Menu

Part 15: File server crawls that require authentication

Fess can crawl local files as well as files on file servers. Crawling is possible even when authentication is required to access the file server.

This time, I will introduce how to crawl a file server that requires authentication.

File authentication

The file authentication function in Fess is a setting required when crawling to a file server. It supports authentication for SMB or FTP.

Windows shared folders use the SMB (Server Message Block) protocol for communication. SMB has versions such as SMBv1, SMBv2, and SMBv3, but the latest version at the time of this writing, Fess 13.2.0, supports SMBv1 or SMBv2.

When setting file authentication, specify “Samba” as the scheme. Specify “FTP” as the scheme when setting the file authentication to the FTP server.

Crawl shared folders on Windows

This section describes how to crawl Windows shared folders.

To crawl a Windows shared folder, you need an account that has access to the target folder.

This time I use Fess 13.2.0. You can get the Fess ZIP file from the download page . Extract the ZIP file and bin/fess.[sh|bat]execute to start.

Creating a crawl setting

First, create a crawl setting.

Log in to the management screen of Fess and set the information of the crawl destination in “Crawl”> “File system” on the left menu.
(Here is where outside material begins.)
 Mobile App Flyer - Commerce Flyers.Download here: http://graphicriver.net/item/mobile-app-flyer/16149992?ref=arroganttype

This time, set as below to crawl \\localhost\share\. When specifying the path, specify smb: // at the beginning, and specify \ with /. Specify / at the end of the path.

item Set value
name smb_crawl
path smb://localhost/share/

When crawling a file server that supports only SMBv1, specify smb1:// instead of smb:// for the protocol.

File authentication settings

After creating the crawl settings, select [Crawl]> [File Authentication] in the left menu to set the file authentication.
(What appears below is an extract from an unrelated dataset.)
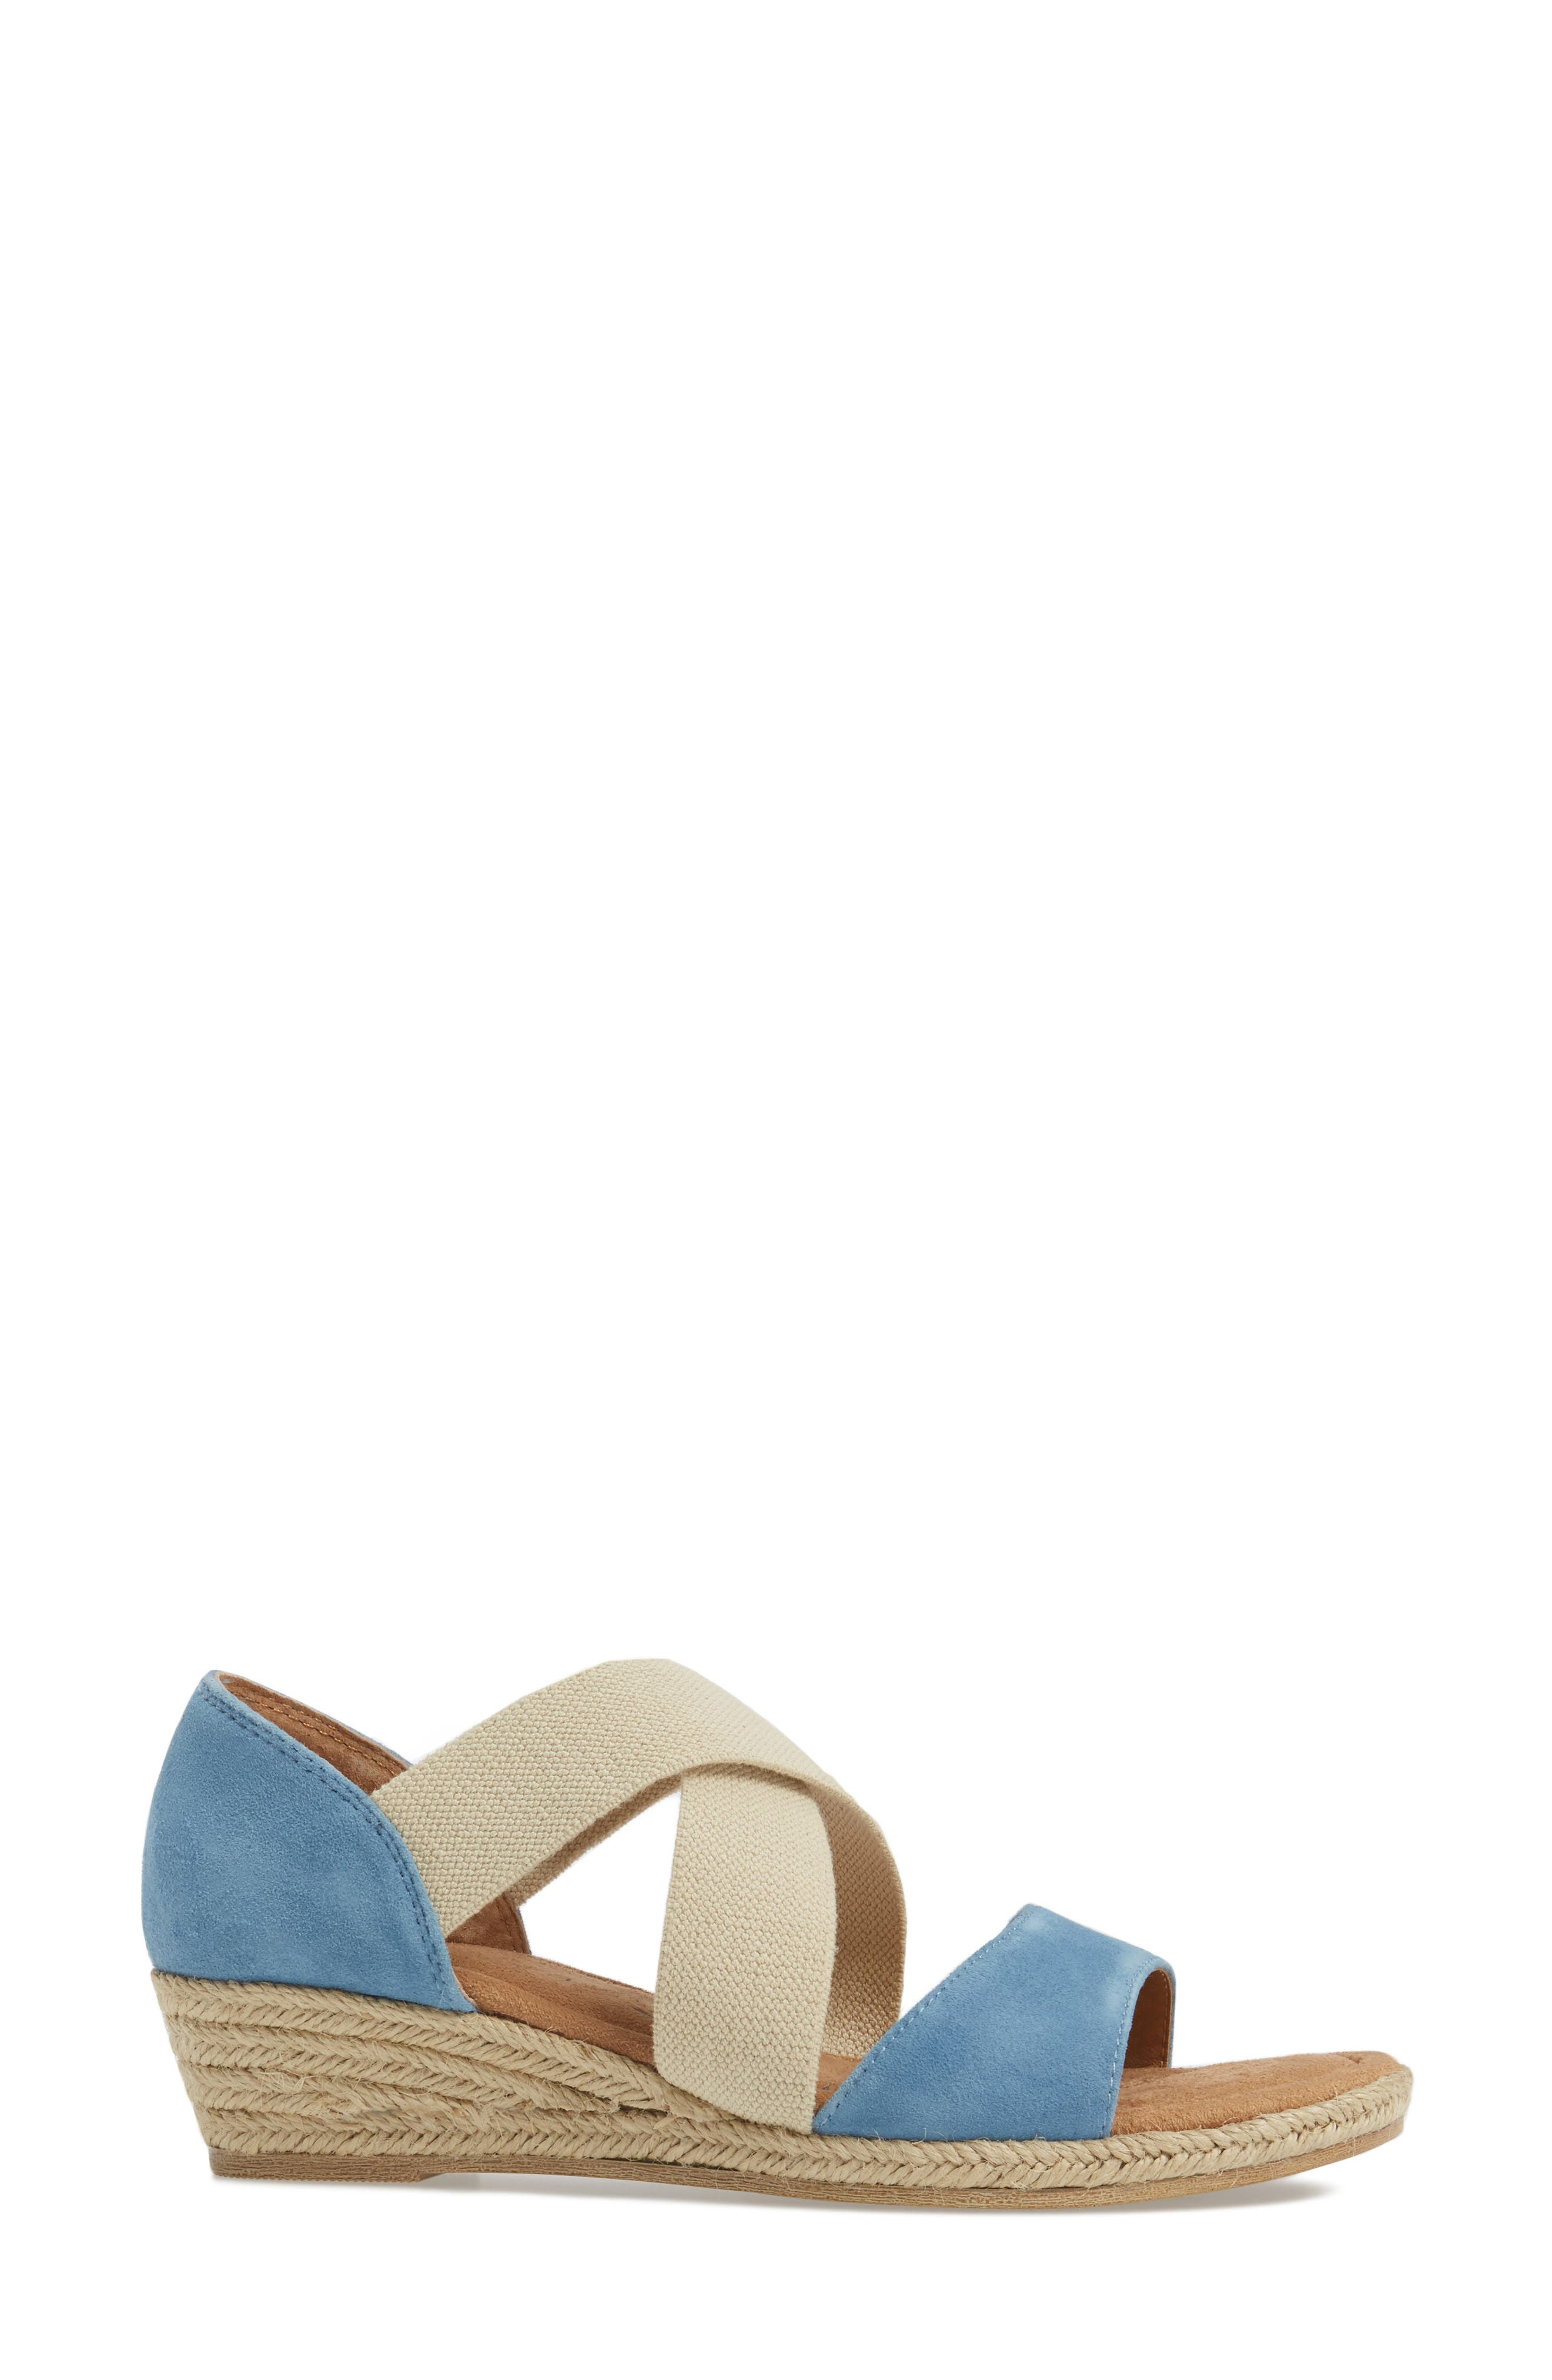 Alternate Image 3  - Comfortiva Brye Espadrille Sandal (Women)

The main setting items are explained below.

item Explanation
hostname Host name of the target server (arbitrary host name if omitted)
port Port number of target site (arbitrary port number if omitted)
scheme Authentication method
username User name for logging in to the target server
password Password for logging in to the target server
The parameter Set when there is a setting value required to log in to the target server
File crawl settings Crawl settings that use this authentication setting

This time, set below. When crawling a Windows shared folder, specify “Samba” as the scheme value.

item Set value
hostname localhost
scheme Samba
username hoge
password hoge password
File crawl settings smb_crawl

Execution

After the crawl settings and file authentication settings are registered, crawl is executed. Click [System]> [Scheduler]> [Default Crawler] on the left menu, and click the [Start Now] button. Wait a while for the crawl to finish.
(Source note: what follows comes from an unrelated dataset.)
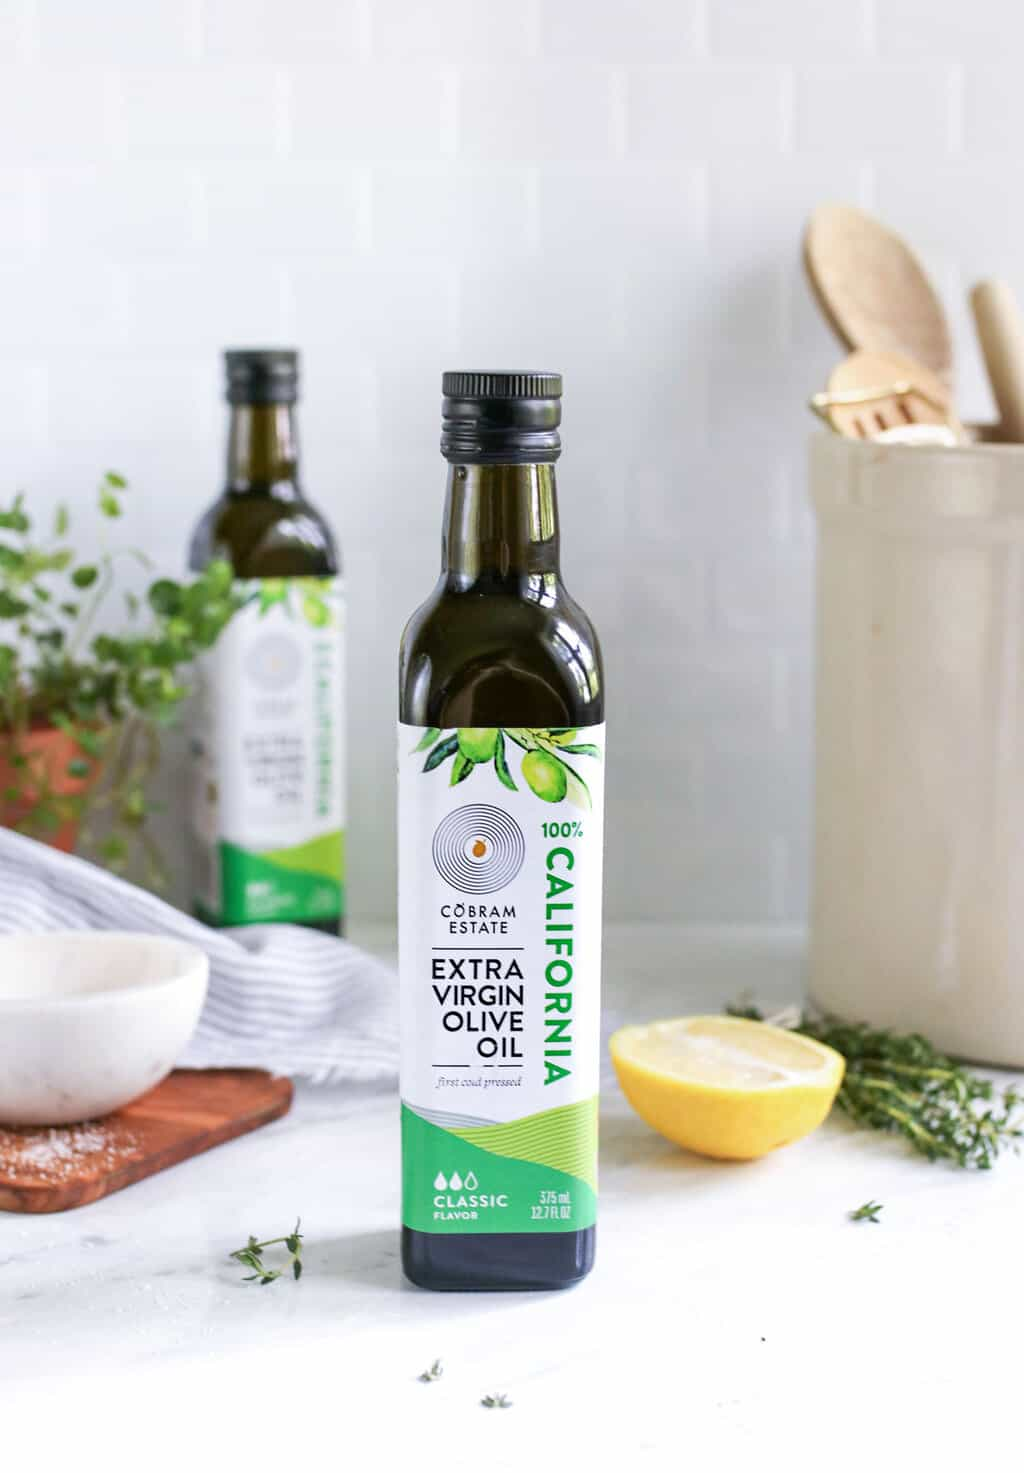 Cobram Estate California Extra Virgin Olive Oil

After crawling, go to http://localhost:8080 and search. It will be successful if the files in the shared folder can be searched.

|images0|

Active Directory integration

With Fess, if you crawl a Windows shared folder, you can automatically get permission information for the shared folder at the crawl destination.

By linking with Active Directory, you can easily implement different search results for each user according to their access privileges. Fess 12.2 and later support nested groups.

For details on how to link Active Directory, refer to the [9th] Active Directory work together in Fess article.

FTP server crawl

To crawl the FTP server, you also need an account that has access to the FTP server.

The file crawl of the FTP server is the same as that of SMB, so create the file crawl settings first. When crawling an FTP server, the path protocol should be ftp:// instead of file://.

After creating the crawl settings, select [Crawl]> [File Authentication] in the left menu to set the file authentication. If you want to crawl the FTP server, set the scheme to “FTP”.

After the crawl settings and file authentication settings are registered, crawl is executed.

This time, I introduced how to crawl file authentication with Fess.

You can easily crawl shared folders simply by setting crawl settings and credentials, so please give it a try.